Almost any time security is breached at a U.S. airport, travelers wonder how it can happen in a post-9/11 world, after the government has spent billions of dollars to keep passengers safe.
But whether it’s a terminal shooting, or a stolen aircraft like the one that caused 90 minutes of panic Friday night near Seattle, aviation insiders are rarely surprised but not because airports are dangerous. It’s because no public space can be 100 percent secure from someone who wants to inflict harm on themselves or others.
Undoubtedly, Friday’s news from Seattle-Tacoma International Airport was unusual. Officials said a 29-year-old employee of Horizon Air, an Alaska Air Group subsidiary, jumped into the cockpit of a Horizon Bombardier Q400 turboprop parked in a maintenance area before taxiing it to an active runway and taking off without clearance at 7:32 p.m.
The man, who did not have a pilot’s license, flew around the Seattle area for a little more than an hour, officials said, trailed by two F-15 fighter jets, while speaking to air traffic controllers on the radio. The controllers calmly tried to coax him into landing, but he crashed the aircraft instead, likely on purpose, as he referenced mental health issues in radio transmissions. Officials said fighter jets did not shoot him down.
It happened at an airport, Alaska Air’s biggest hub, so the public is enthralled. But this is, essentially, a workplace suicide by an disturbed employee who used his access to facilitate a spectacular ending. It is not that different from a disgruntled employee who shoots his coworkers or a police officer who drives his cruiser off a cliff.
The incident does raise the question of whether airports and airlines still have gaps in safety protocols that can be addressed. After all, this airline employee was able to take off on a busy summer Friday night without any tower clearance at an airport that served 47 million passengers in 2017.
But while the event was scary and sad, it was not necessarily preventable. This was an employee who had passed a background check and was supposed to be working with aircraft as a ground service agent.
“There may be no foolproof way to totally prevent qualified, otherwise authorized people from using their job’s tools to harm themselves or others,” Phil Derner Jr., who worked as a flight dispatcher for a major airline, said on Twitter.
Neither Seattle airport nor airline officials wanted to speculate Saturday, but it’s possible airlines and airports will develop new rules designed to make sure a similar incident does not happen. Perhaps airlines will ensure two employees, not one, work on an airplane at all times. Or maybe they will make it tougher for employees move aircraft on the ground.
But it’s important to note airports are essentially big cities with tens of thousands of employees working at them. Some of those workers have access to dangerous items that could, in the wrong hands, harm an aircraft. Many employees do not go through security when they get to work, making it conceivable they could bring a gun or other prohibited item on a flight.
Yet very little goes wrong, because the vast majority of airport employees conduct themselves with integrity. Airlines trust them to do their jobs. “Ground employees are professionals and need not be babied,” Derner said.
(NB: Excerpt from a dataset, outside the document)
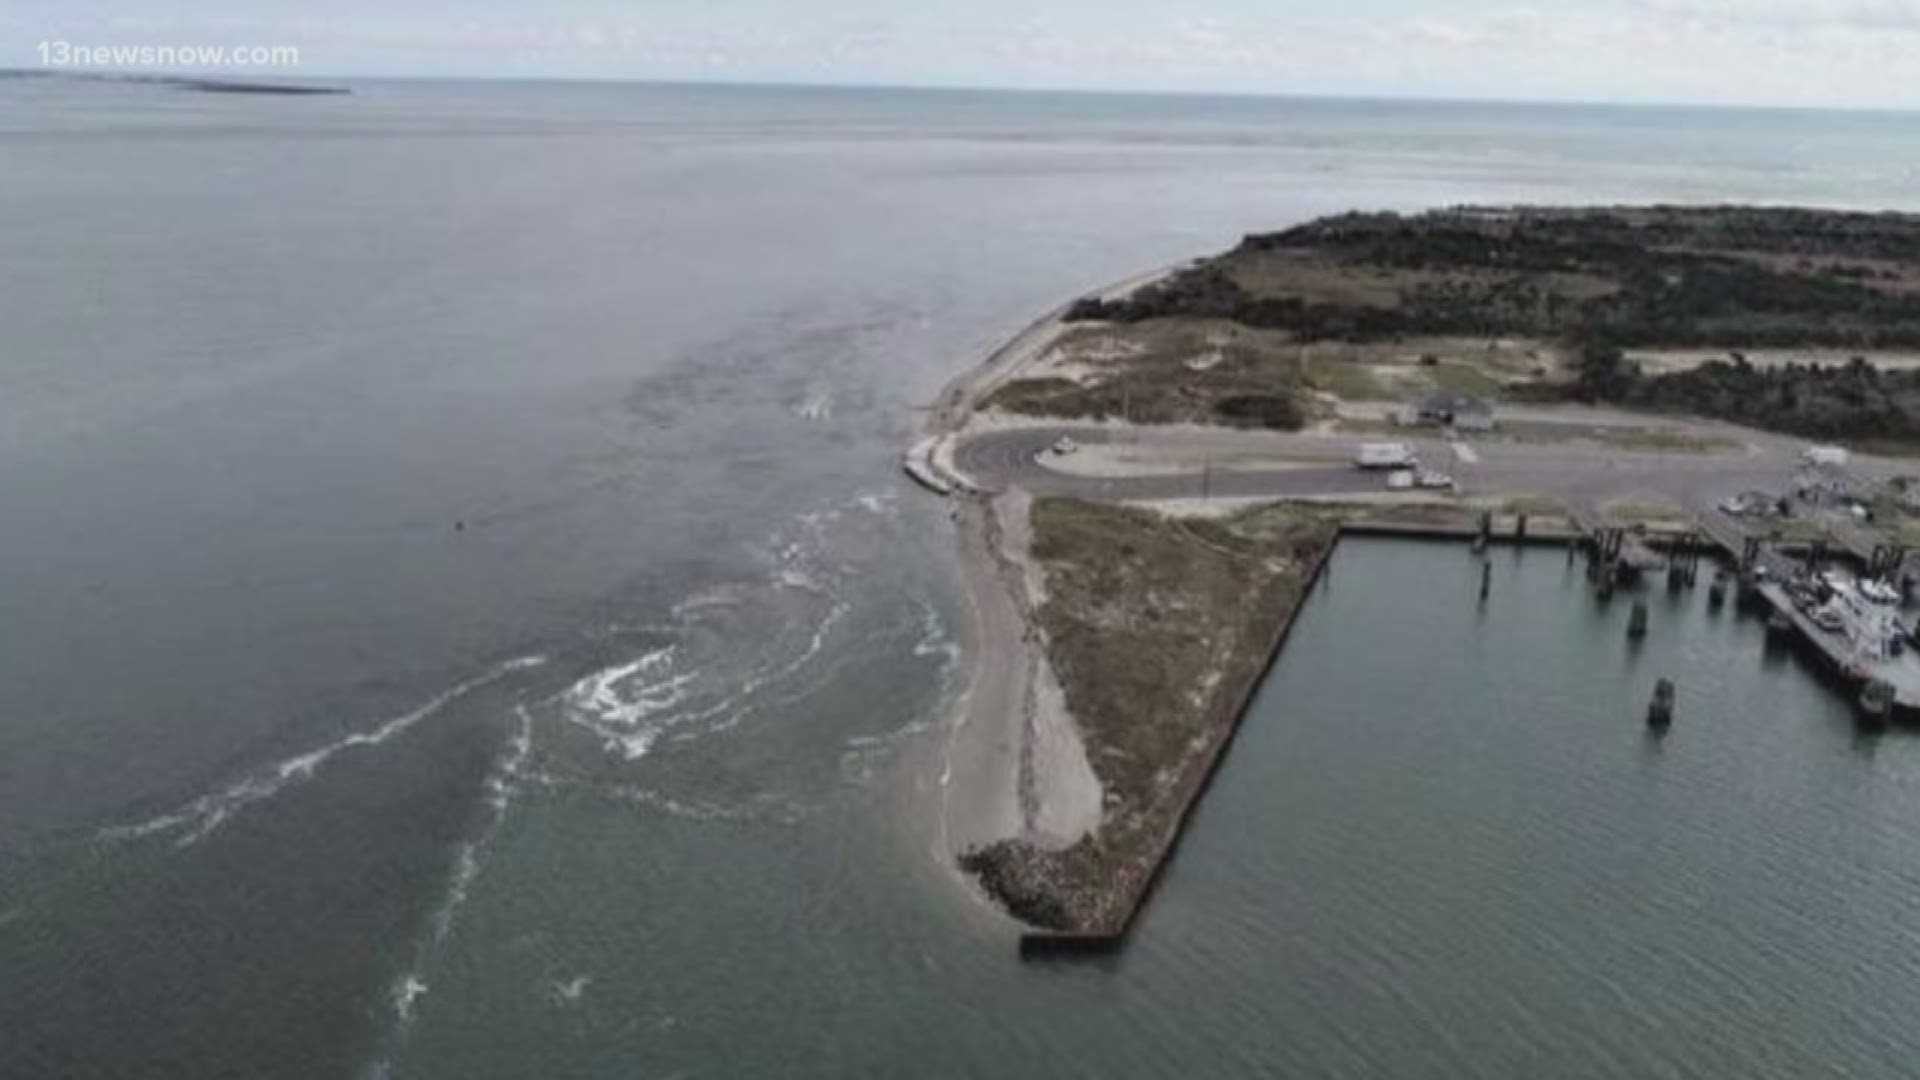 According to an environmental study, the shoreline at the northern end is starting to erode. The public can weigh in on a proposal to build a steel wall to protect it.

Employee Was Authorized to Be Near Plane
Had this been a non-airline employee who hopped a fence and started the aircraft, this would have been more concerning.
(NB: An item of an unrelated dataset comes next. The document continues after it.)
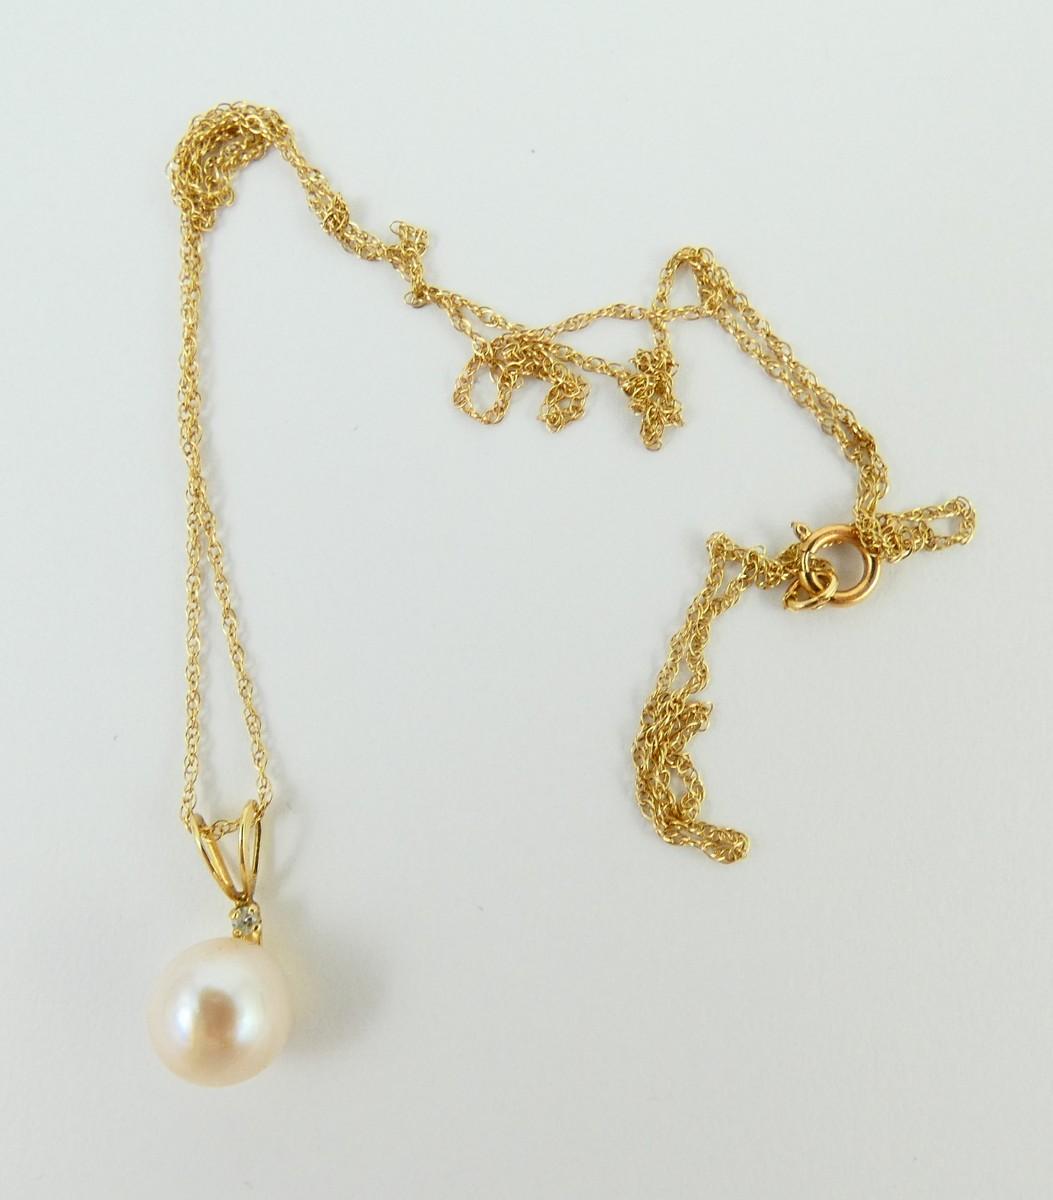 PEARL PENDANT ON CHAIN

But this worker was authorized to be where he was, officials said Saturday. And while ground services employees often stay near gate areas, loading and unloading bags, this worker was part of a team that towed aircraft from one area to another, so other workers may not have been alarmed when he moved the turboprop from the maintenance area. (The employee did not have a pilots license, officials said, so investigators will seek to understand how he was able to fly what pilots have said is a challenging aircraft.)
Workers on airport ramps generally pass several background checks — both from the government and their employers, Alaska CEO Brad Tilden said Saturday at a news conference.
“It’s natural to ask, what procedures are there?” he said. “But we’ve got a fleet of airplanes, and airplanes are here overnight. We’re accessing aircraft routinely overnight to get logbooks, to clean the airplanes, to do maintenance work on the airplanes. The system that works is we secure the employees that are there.”
Tilden said it’s possible Alaska will change its procedures, but he said they generally work well. It is extremely rare for an airline employee to steal an aircraft.
“This is aviation in America,” he said. “The doors to the airplanes are not keyed like a car. There is not an ignition key like there would be in a car. The setup in aviation in America is we secure the airfield and then we have the mindset that we have employees that are credentialed and authorized to be there.”
Screening for Suicide
But as other industries have found, it’s difficult to screen for suicidal tendencies. As one government official told Kris Van Cleave of CBS News, “We vet against someone who would hijack a plane for terrorism. This is an Horizon Air employee with a clean background, no known criminal activity, no terror relation, and wanted to commit suicide. TSA isn’t screening for that because you cannot.”
Still, is it possible airlines may try harder in the future to screen for mental health issues. While catastrophic suicides by airline employees are rare, they’re not unprecedented.
Over the past three decades, several aircraft have been brought down by rogue pilots, mostly notably Germanwings 9525 in March 2015. A suicidal first officer locked the plane’s captain from the cockpit and then deliberately crashed the Airbus 320 into the French Alps, killing 150 people.